Put first 9 ingredients in the bread maker pan in the order
recommended by the manufacturer
Then choose the cycle of sweet bread.
Choose the color medium crust and the size of the loaf if
accessible.
Bake as per the directions of the bread machine (check the dough
after mixing for 5 minutes; add 1 to 2 tablespoons of water or
flour if necessary).
Just before the final rubbing (your machine can sound this out
audibly), add apricots.
12. HAWAIIAN SWEET BREAD
What do you need?
1 cup of warm water
3 cups all-purpose flour
2 tablespoons powdered milk
3 teaspoons yeast
1/4 teaspoon vanilla extract
4 tablespoons butter (or 4 tablespoons margarine)
5 tablespoons white sugar
3/4 teaspoon salt
2 tablespoons instant potato flakes
1/4 teaspoon lemon extract
2 eggs
How to make?
Quantify products inside the bread maker in the manufacturer's
suggested order.
I use the command mentioned in the dish.
Fixed the medium crust in the machine and click play.
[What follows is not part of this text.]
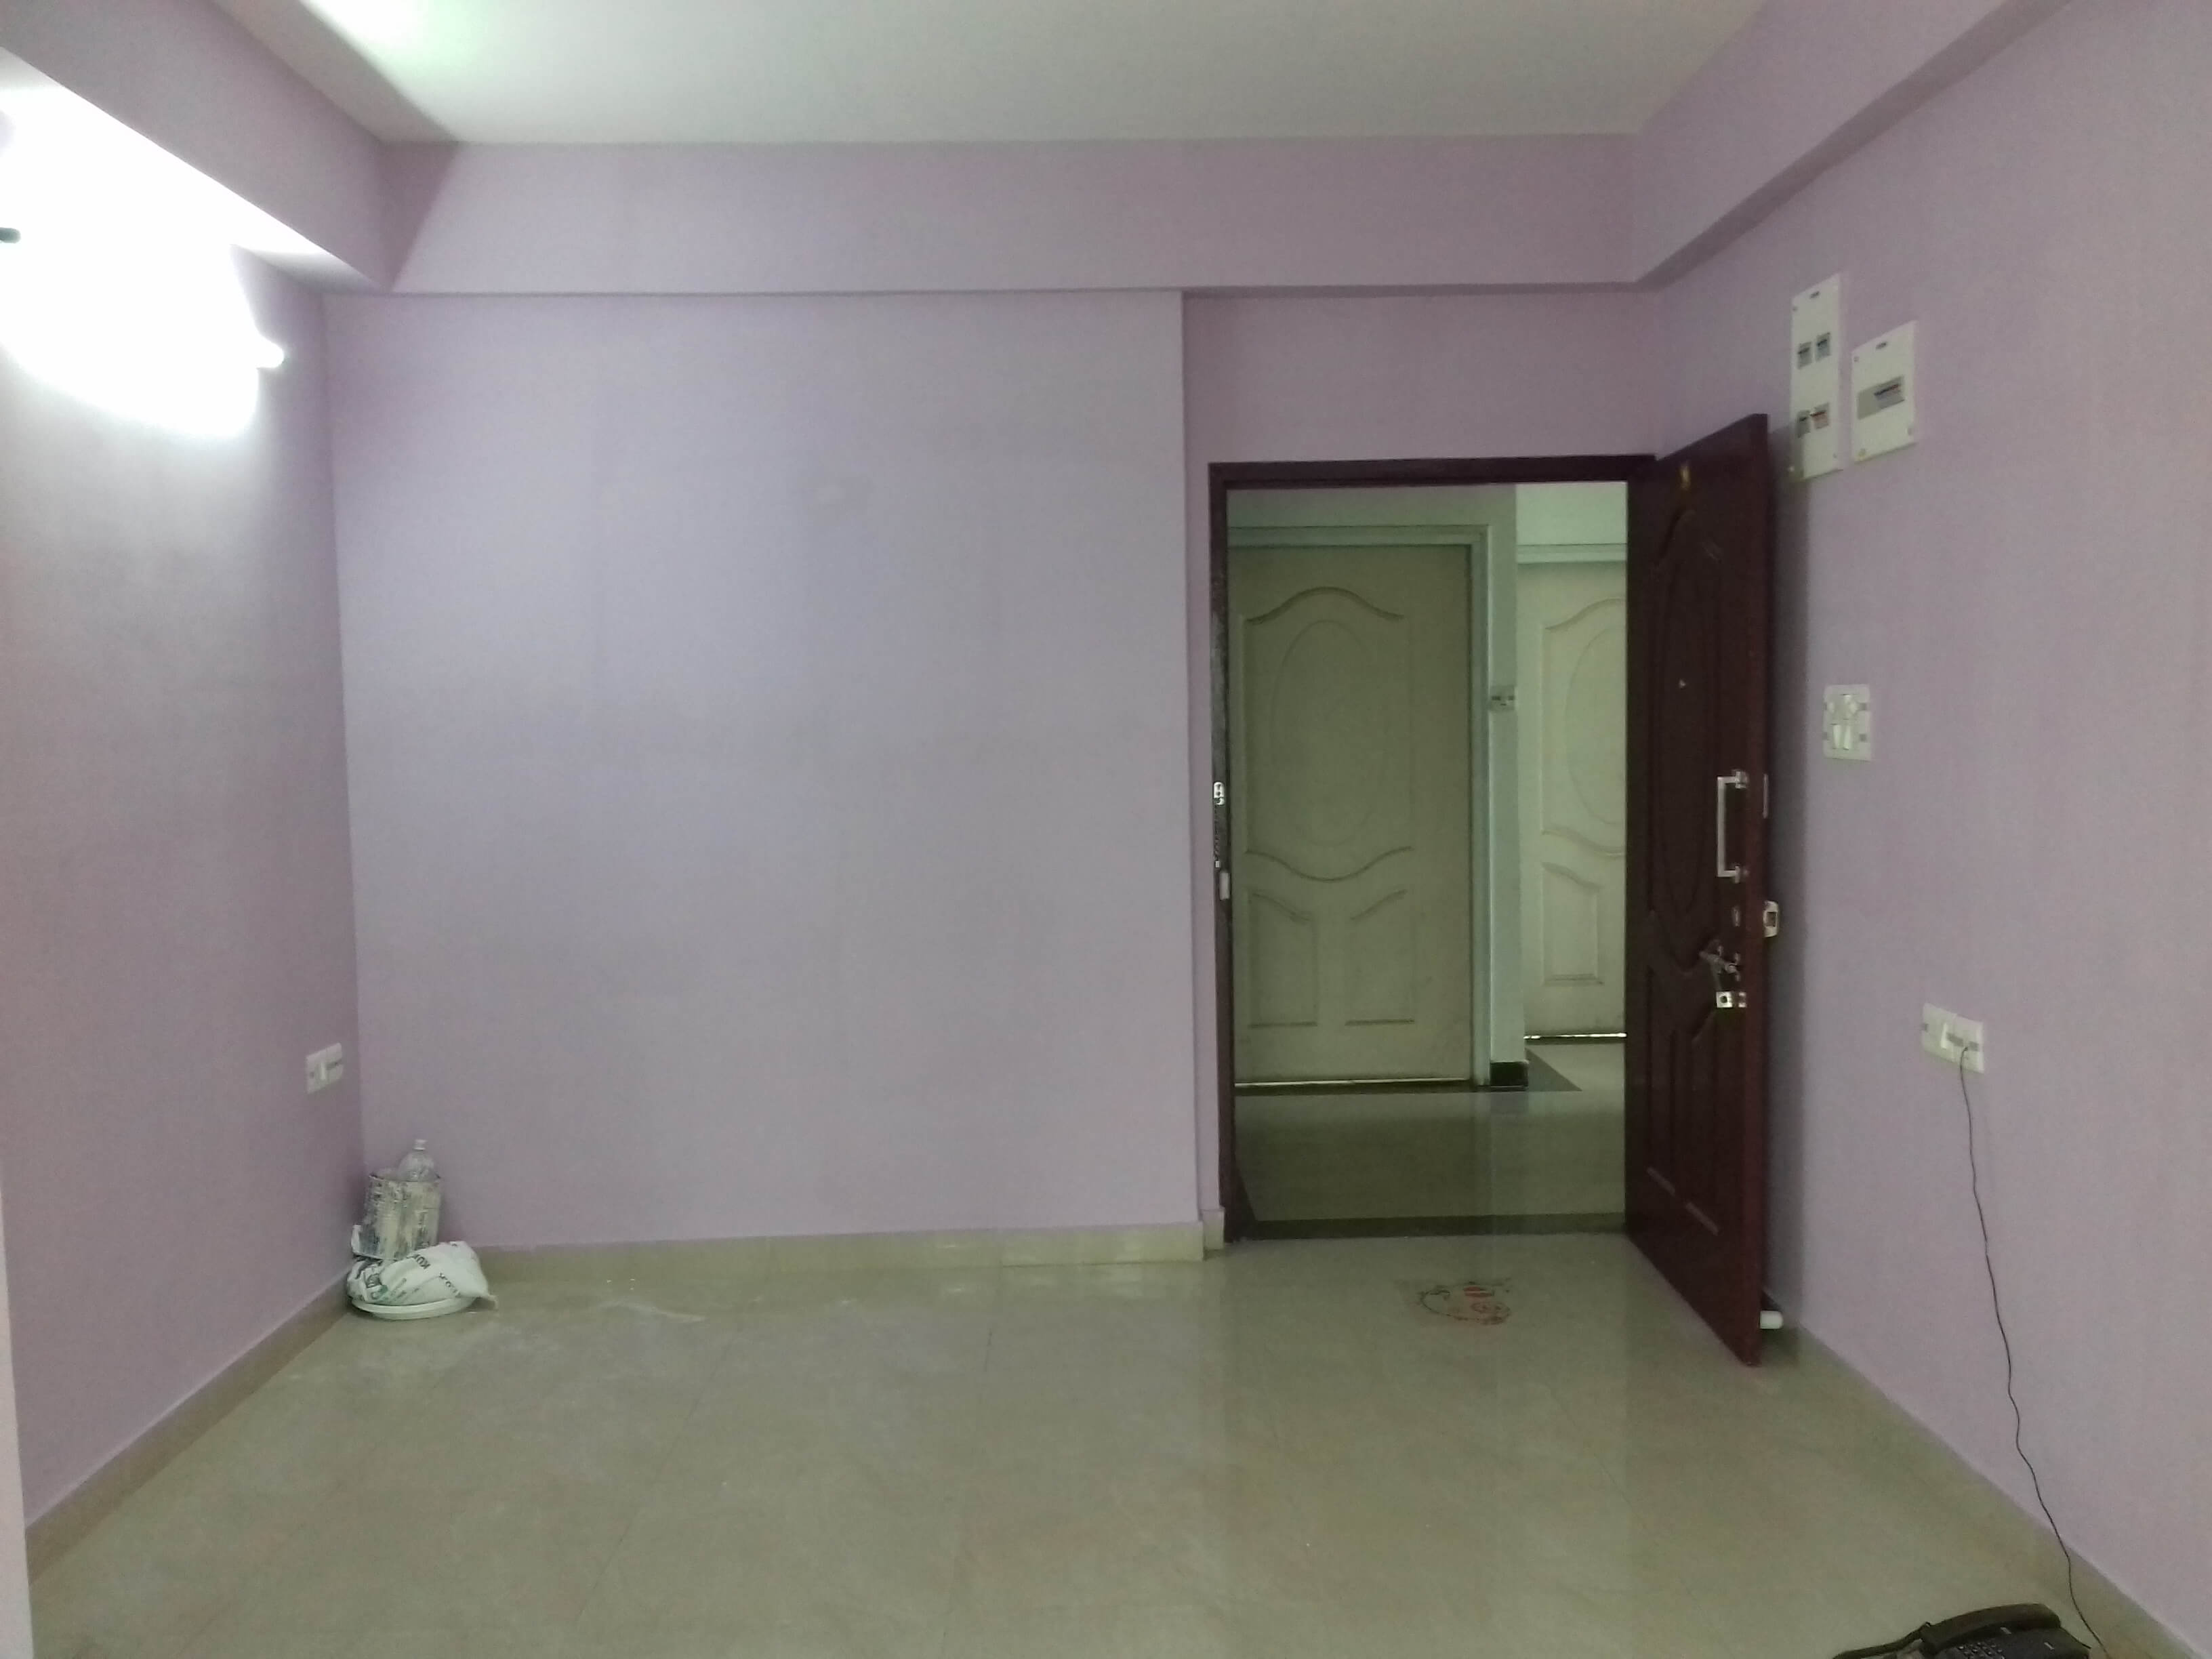 Flat For Rent in Rajarhat Kolkata (Id: 10721) 
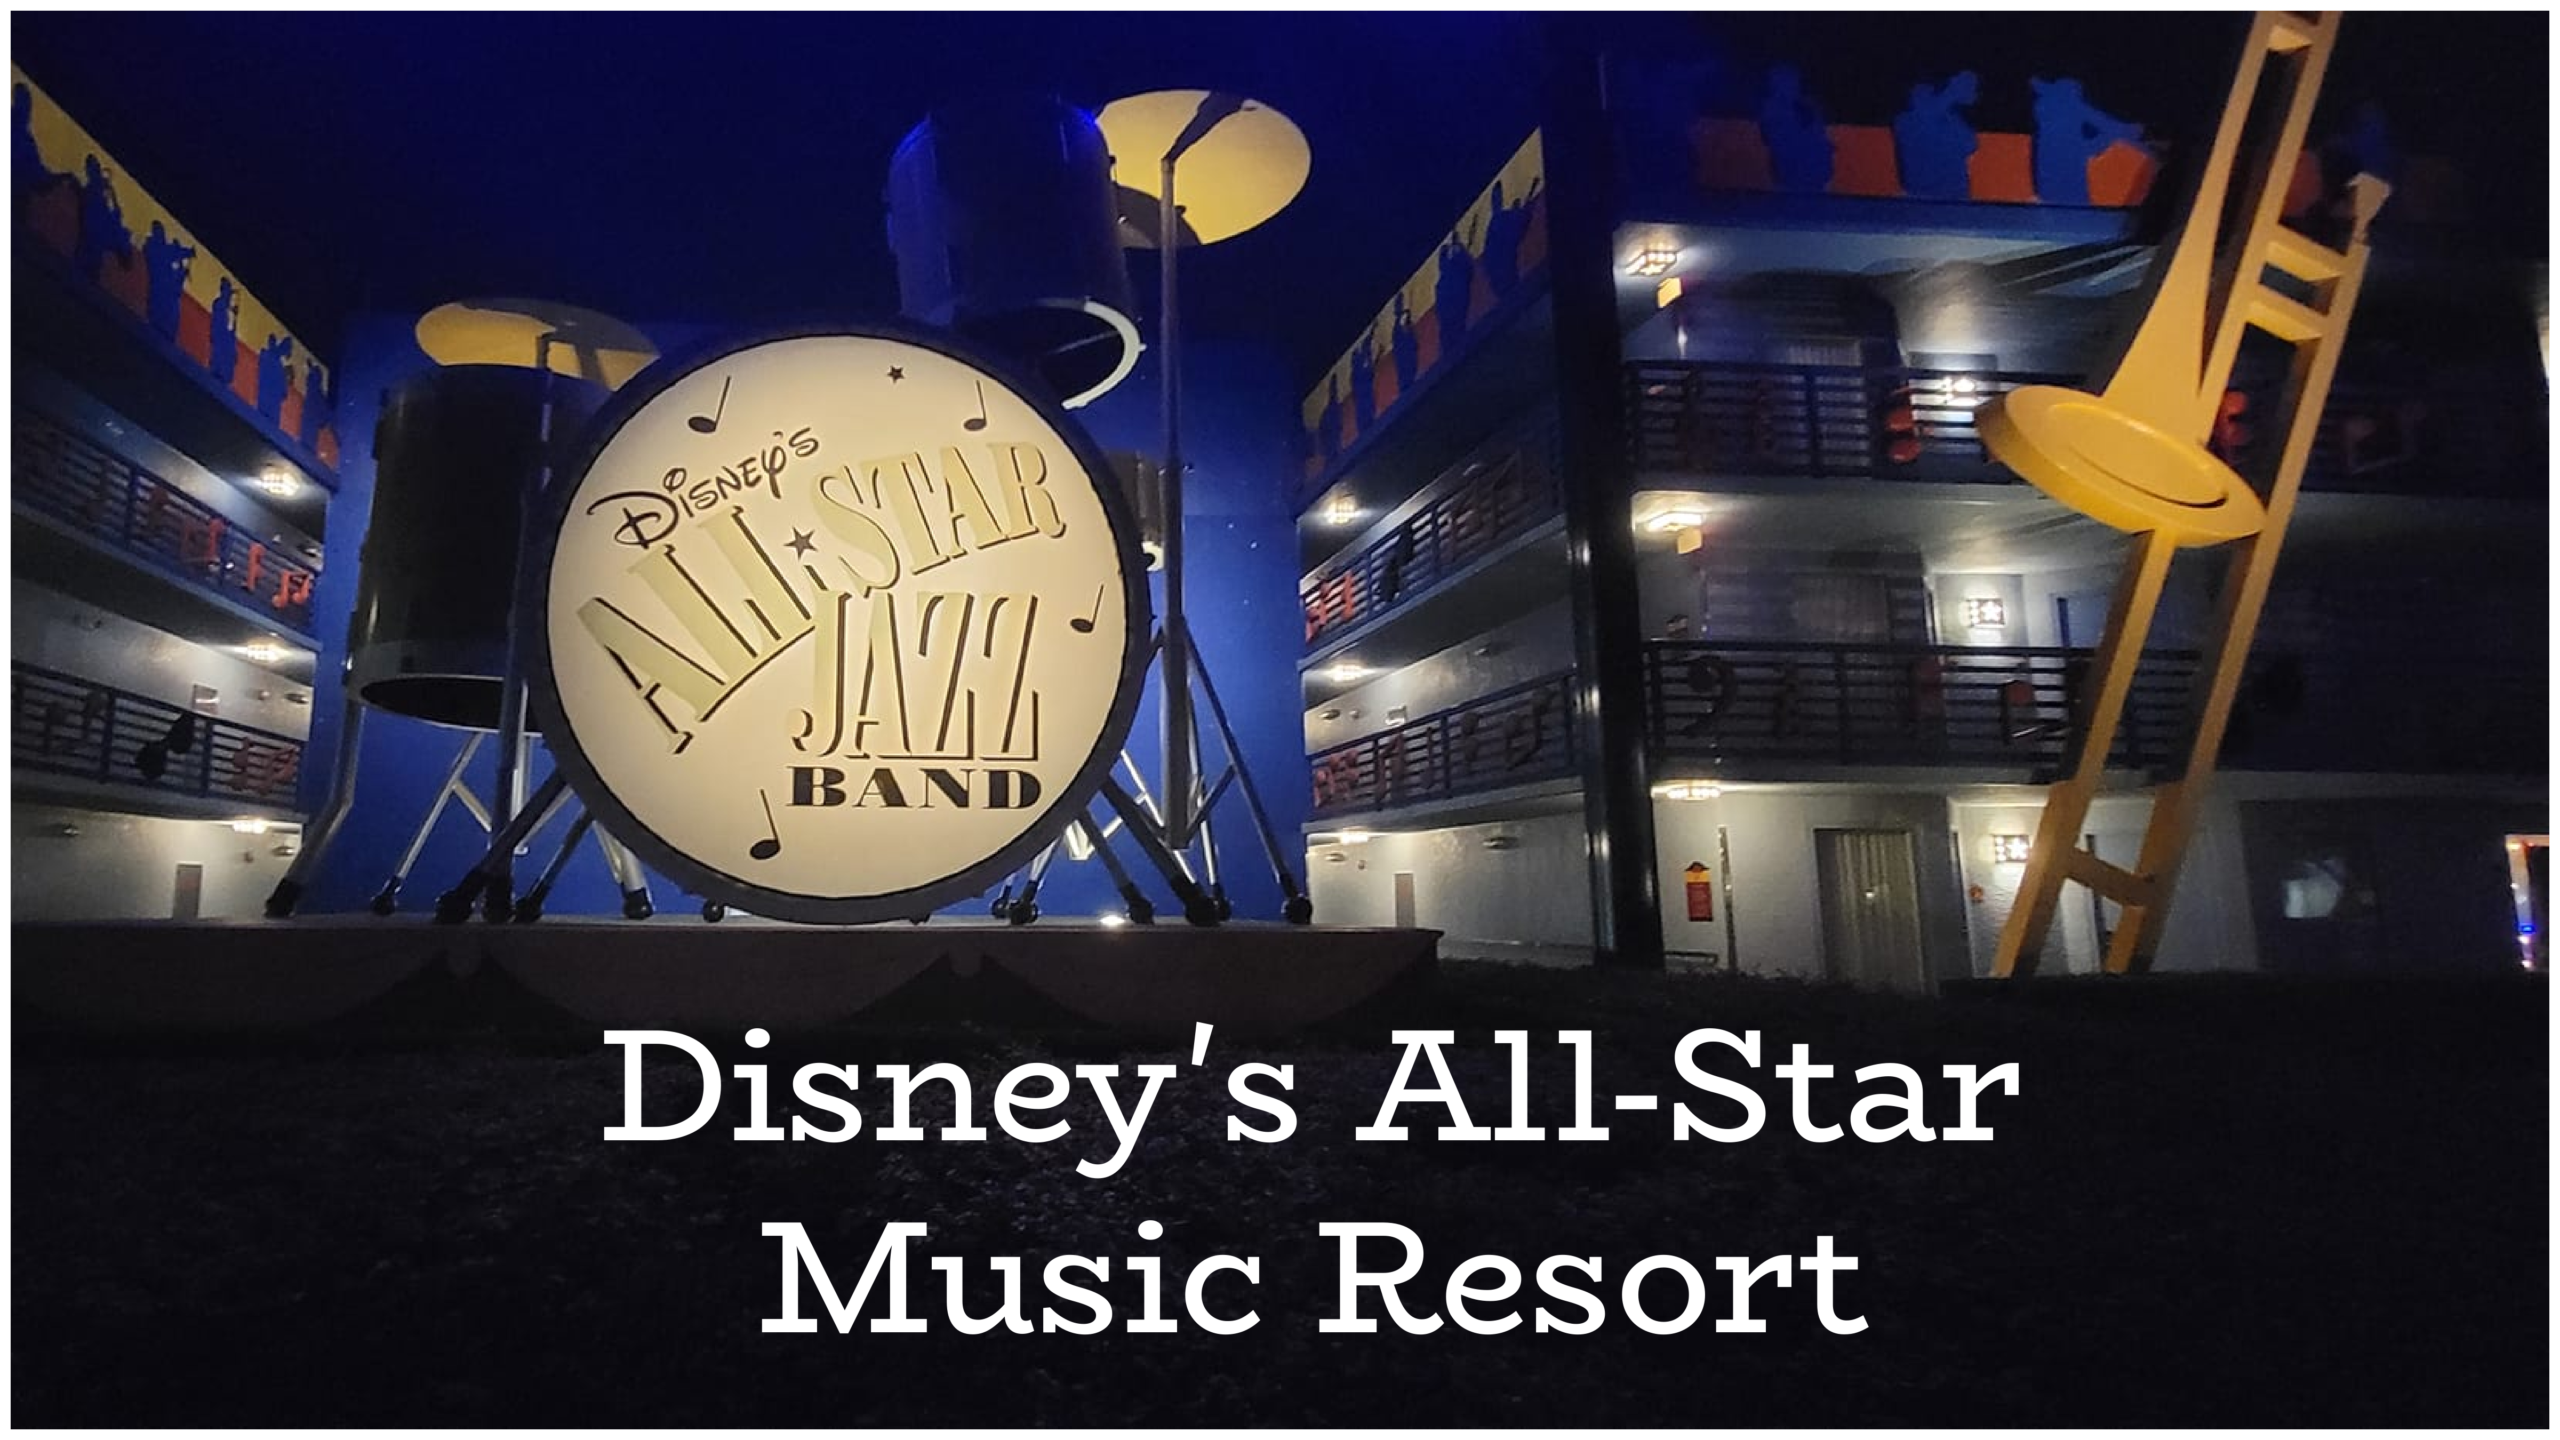 Disney’s All-Star Music Resort

Makes loaf for 1, 2, 1/2 pounds.
It's like using a bread machine to do all the flour.
I then take out the dough and create a round piece of bread.
Let everything rise and then bake at 400 degrees in the oven.
13. TROPICAL SWEET BREAD
What do you need?
1/4 cup warm buttermilk (70° to 80°)
1/4 cup pineapple juice
3 tablespoons butter, softened
1 egg
1/2 cup pineapple tidbits
1/2 cup sliced ripe banana
3 cups bread flour
1/4 cup whole wheat flour
1/2 cup sweetened shredded coconut
4-1/2 teaspoons sugar
1 teaspoon salt
1/4 teaspoon baking soda
1-1/2 teaspoons active dry yeast
1/3 cup chopped macadamia nuts
How to make?
Put the first thirteen ingredients in the bread machine, in the
order suggested by the manufacturer.
Pick a simple setting for the bread.
Pick the color of the crust and size of the loaf, if appropriate.